The problem |
Return an exact copy of the lines from the one holding "Love You More" to the end of the data, including both the starting and final lines. Leave the pictures out.

Dataset section |

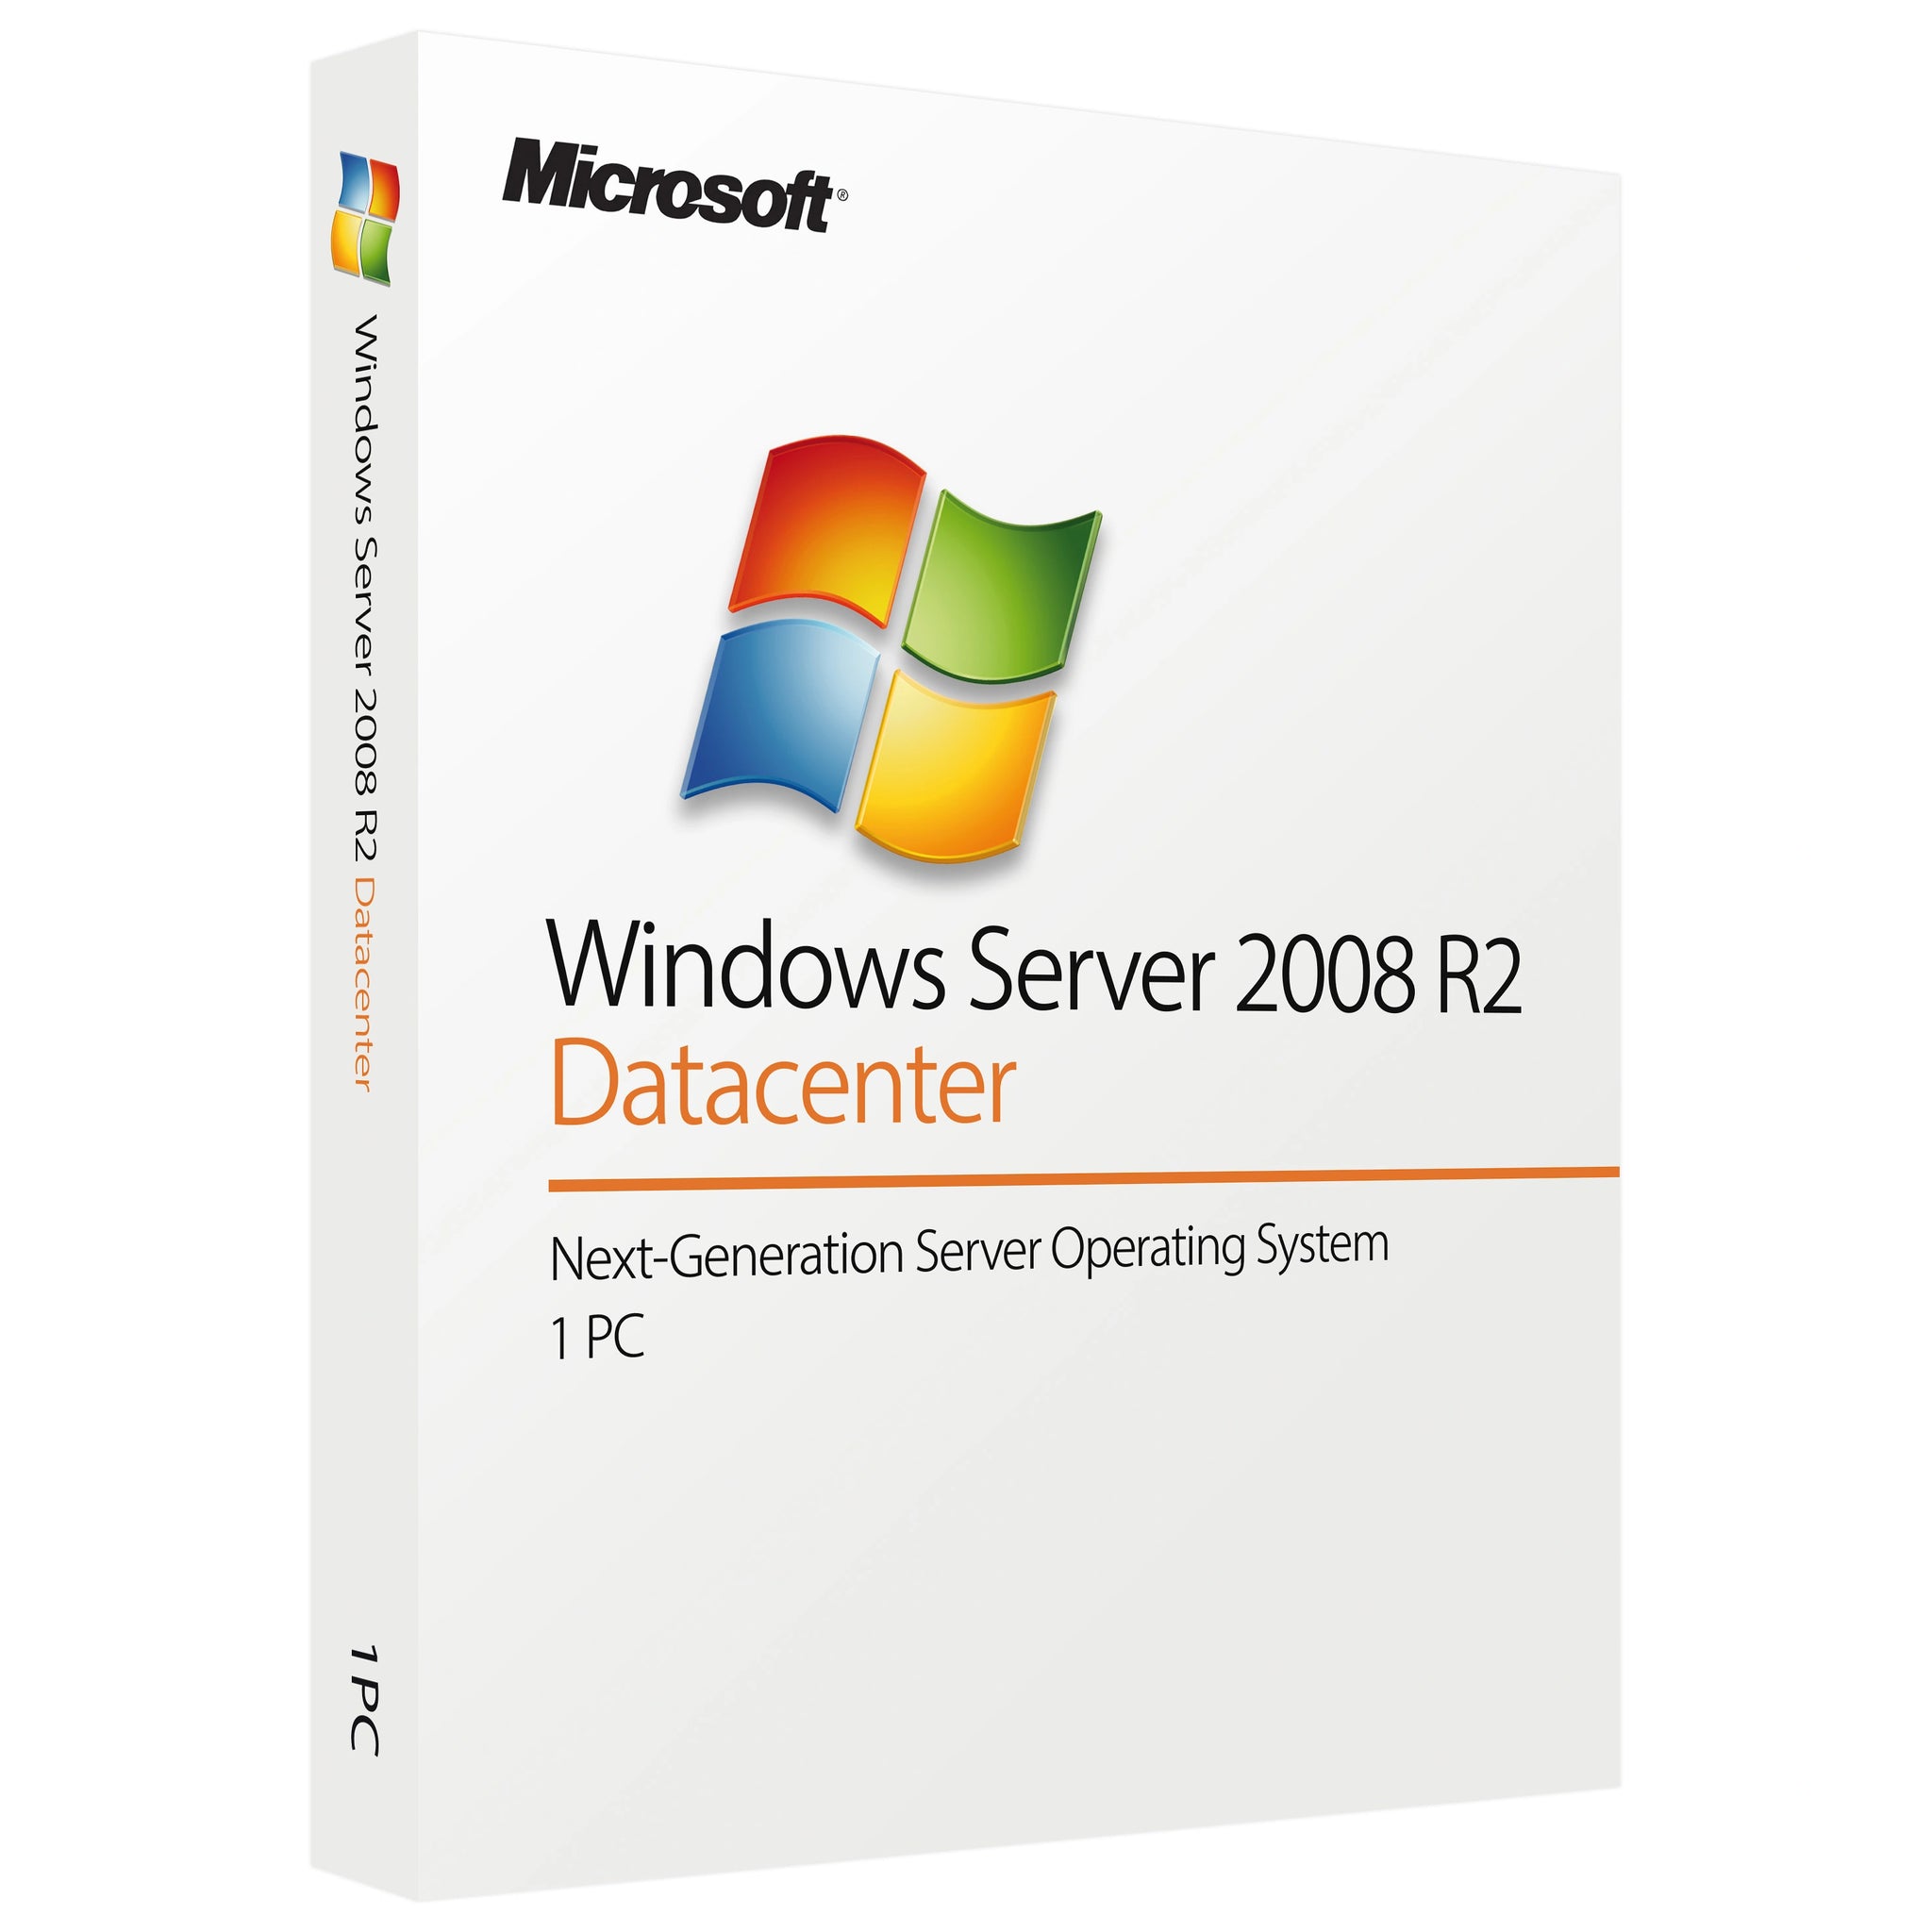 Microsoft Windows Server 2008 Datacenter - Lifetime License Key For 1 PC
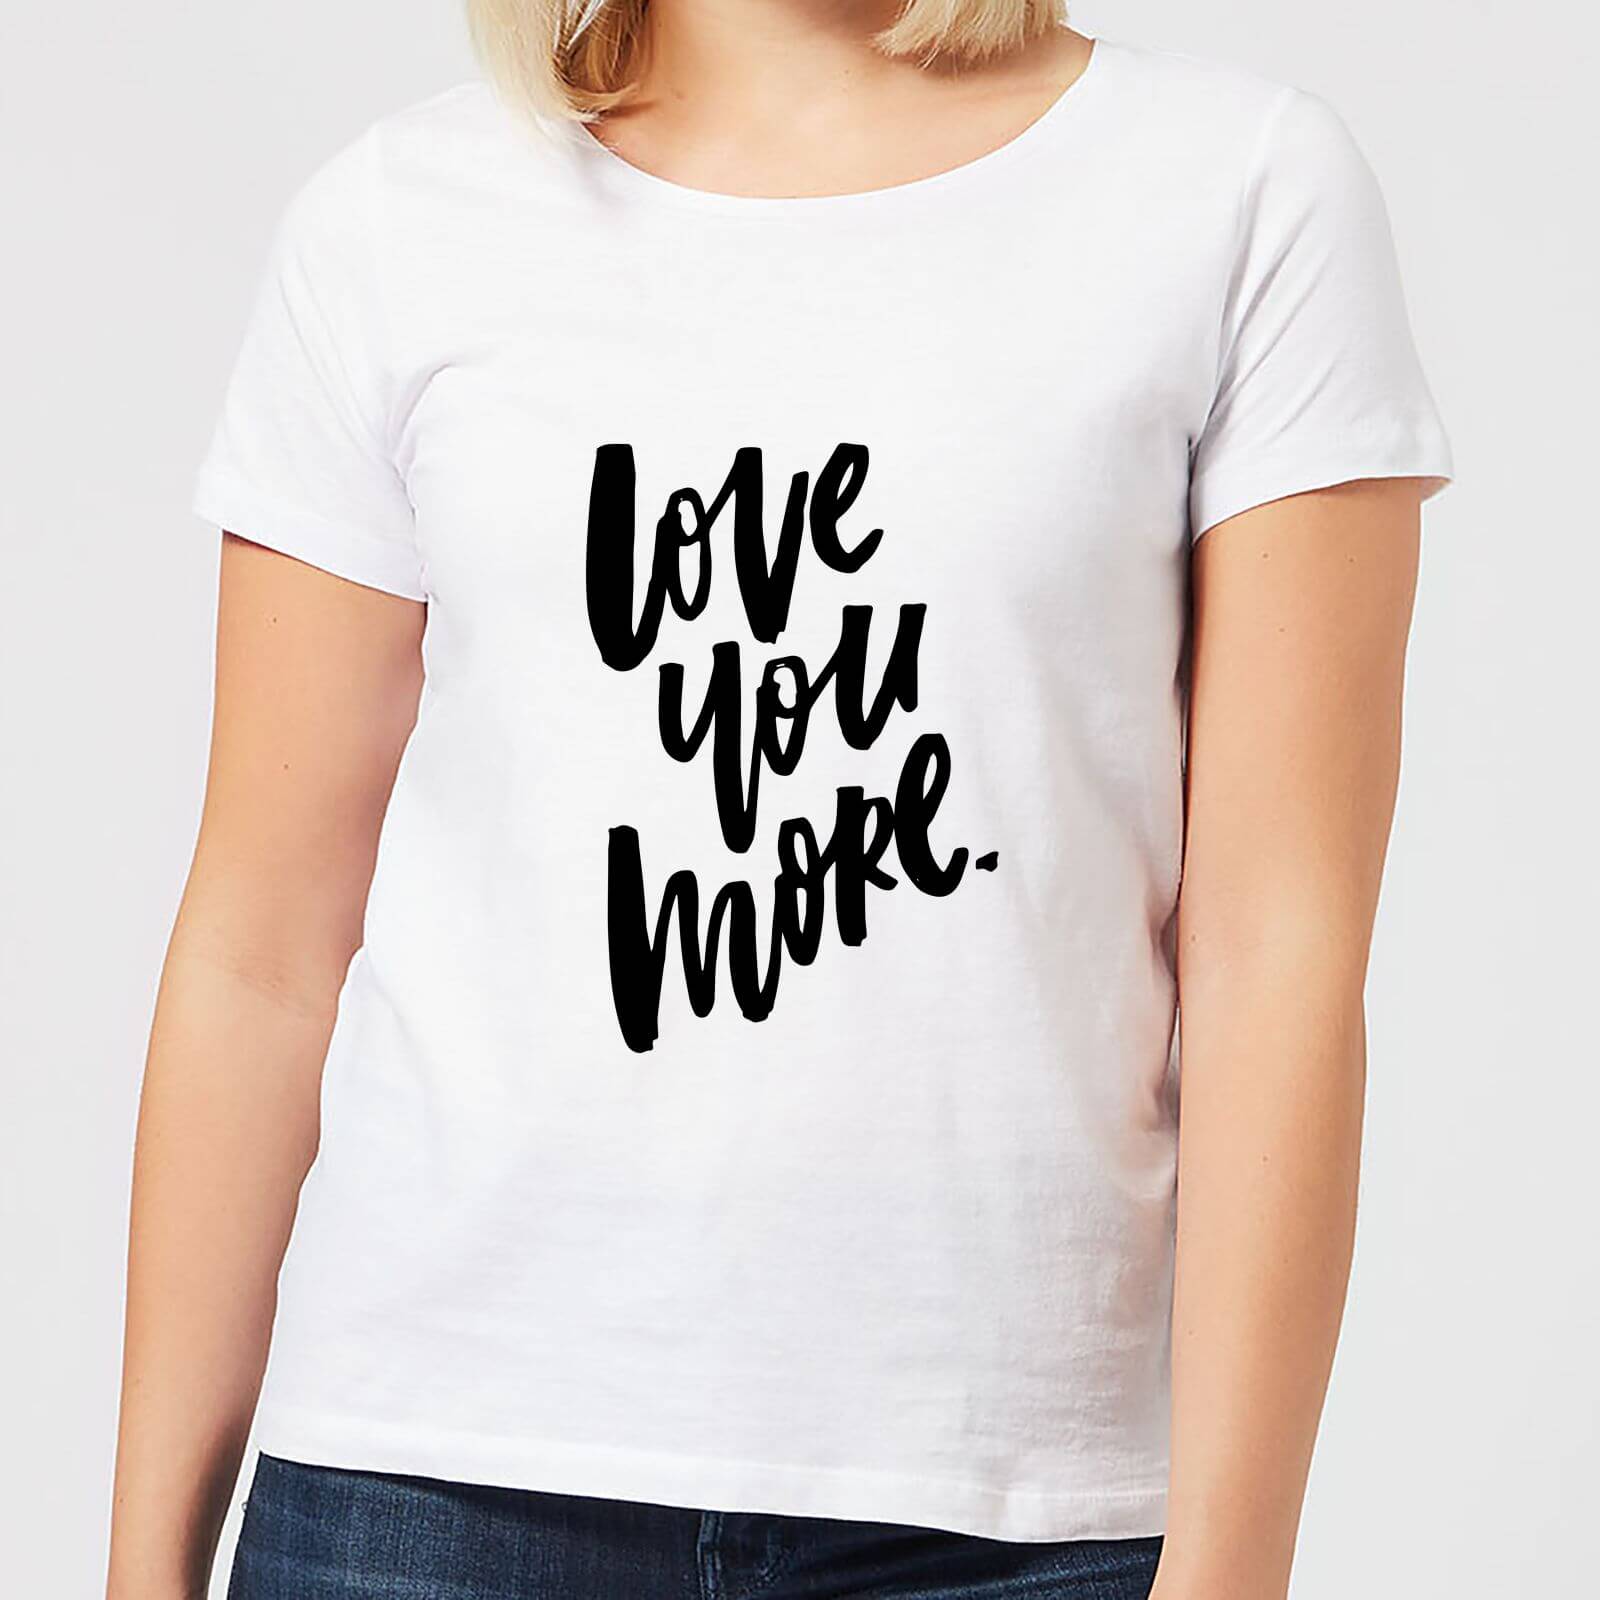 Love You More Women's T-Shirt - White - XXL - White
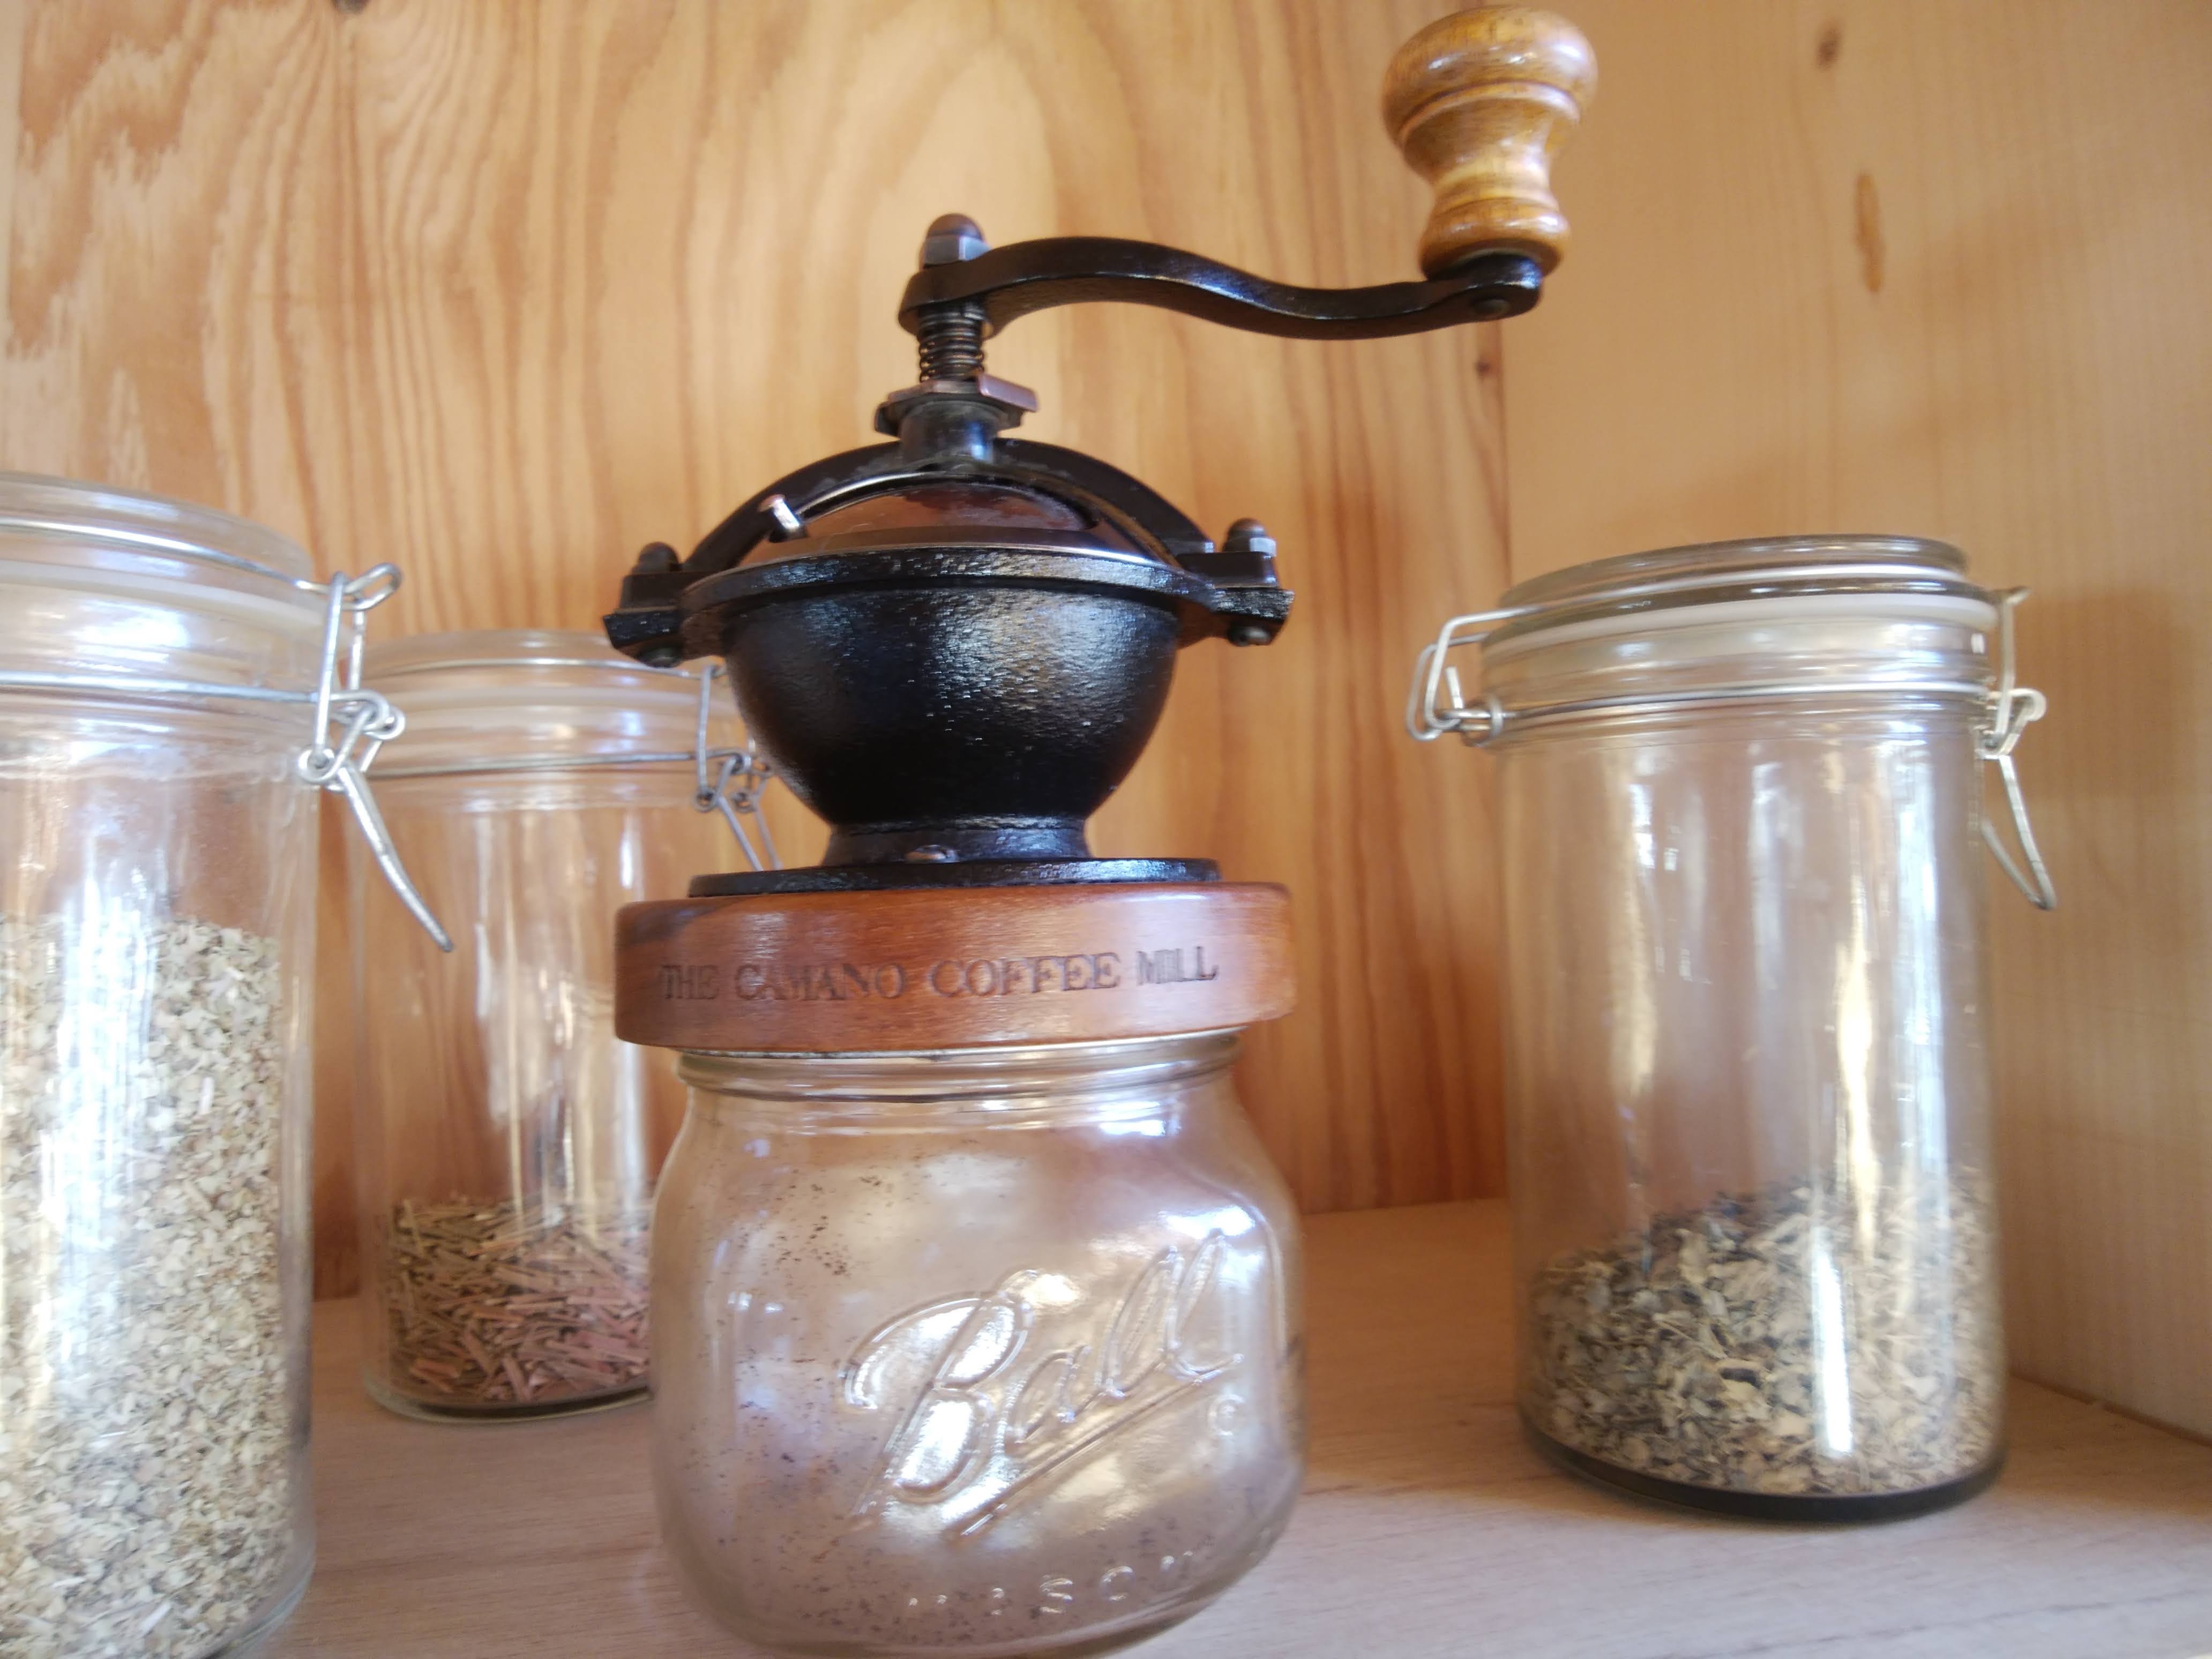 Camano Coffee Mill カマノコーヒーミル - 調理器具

Solution below |
 Love You More Women's T-Shirt - White - XXL - White
 Camano Coffee Mill カマノコーヒーミル - 調理器具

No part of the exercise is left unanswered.